I follow my advice and best practices when selecting cloud providers looking for good value, service level agreements (SLAs) and service level objectives (SLOs) over low cost or for free services.

In the several years of using cloud based storage and services there has been some loss of access, however no loss of data. Those service disruptions or loss of access to data and services ranged from a few minutes to a little over an hour. In those scenarios, if I could not have waited for cloud storage to become accessible, I could have accessed a local copy if it were available.

Had a major disruption occurred where it would have been several days before I could gain access to that information, or if it were actually lost, I have a data insurance policy. That data insurance policy is part of my business continuance (BC) and disaster recovery (DR) strategy. My BC and DR strategy is a multi layered approach combining local, offline and offsite as along with online cloud data protection and archiving.

Assuming my cloud storage service could get data back to a given point (RPO) in a given amount of time (RTO), I have some options. One option is to wait for the service or information to become available again assuming a local copy is no longer valid or available. Another option is to start restoration from a master gold copy and then roll forward changes from the cloud services as that information becomes available. In other words, I am using cloud storage as another resource that is for both protecting what is local, as well as complimenting how I locally protect things.

Minimize or cut data loss or loss of access
Anything important should be protected locally and remotely meaning leveraging cloud and a master or gold backup copy.

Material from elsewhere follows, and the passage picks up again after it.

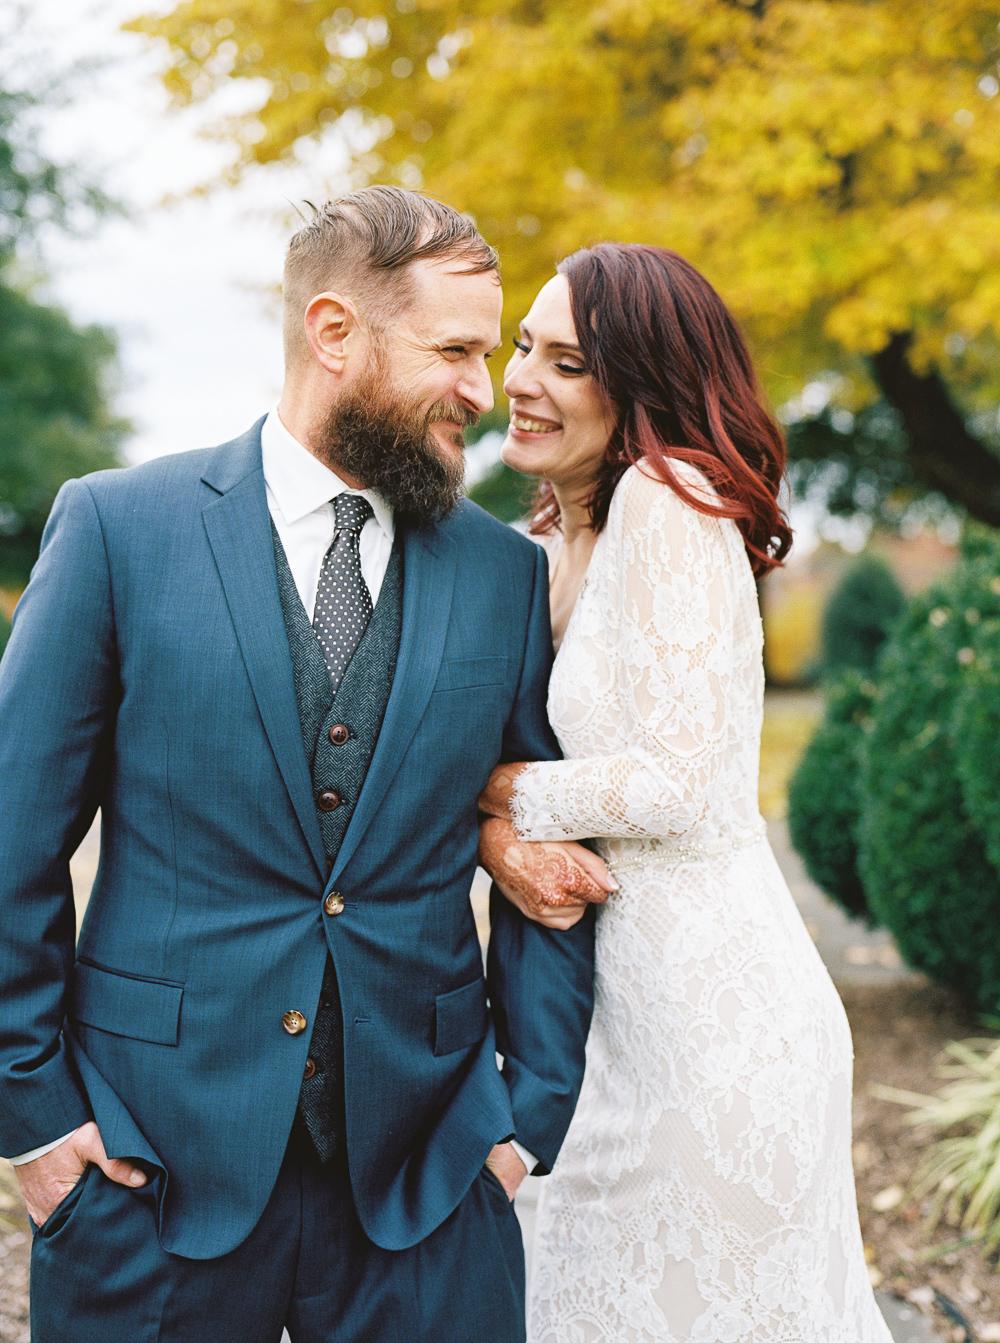 Michelle-whitley-bride

To cut the cost of protecting information, I also leverage archives, which mean not all data gets protected the same. Important data is protected more often reducing RPO exposure and speed up RTO during restoration. Other data that is not as important is protected, however on a different frequency with other retention cycles, in other words, tiered data protection. By implementing tiered data protection, best practices, and various technologies including data footprint reduction (DFR) such as archive, compression, dedupe in addition to local disk to disk (D2D), disk to disk to cloud (D2D2C), along with routine copies to offline media (removable HDDs or RHDDs) that go offsite, Im able to stretch my data protection budget further. Not only is my data protection budget stretched further, I have more options to speed up RTO and better detail for recovery and enhanced RPOs.

If you are looking to avoid losing data, or loss of access, it is a simple equation in no particular order:

Strategy and design
Best practices and processes
Various technologies
Quality products
Robust service delivery
Configuration and implementation
SLO and SLA management metrics
People skill set and knowledge
Usage guidelines or terms of service (ToS)

Unfortunately, clouds like other technologies or solutions get a bad reputation or blamed when something goes wrong. Sometimes it is the technology or service that fails, other times it is a combination of errors that resulted in loss of access or lost data. With clouds as has been the case with other storage mediums and systems in the past, when something goes wrong and if it has been hyped, chances are it will become a target for blame or finger pointing vs. determining what went wrong so that it does not occur again. For example cloud storage has been hyped as easy to use, don’t worry, just put your data there, you can get out of the business of managing storage as the cloud will do that magically for you behind the scenes.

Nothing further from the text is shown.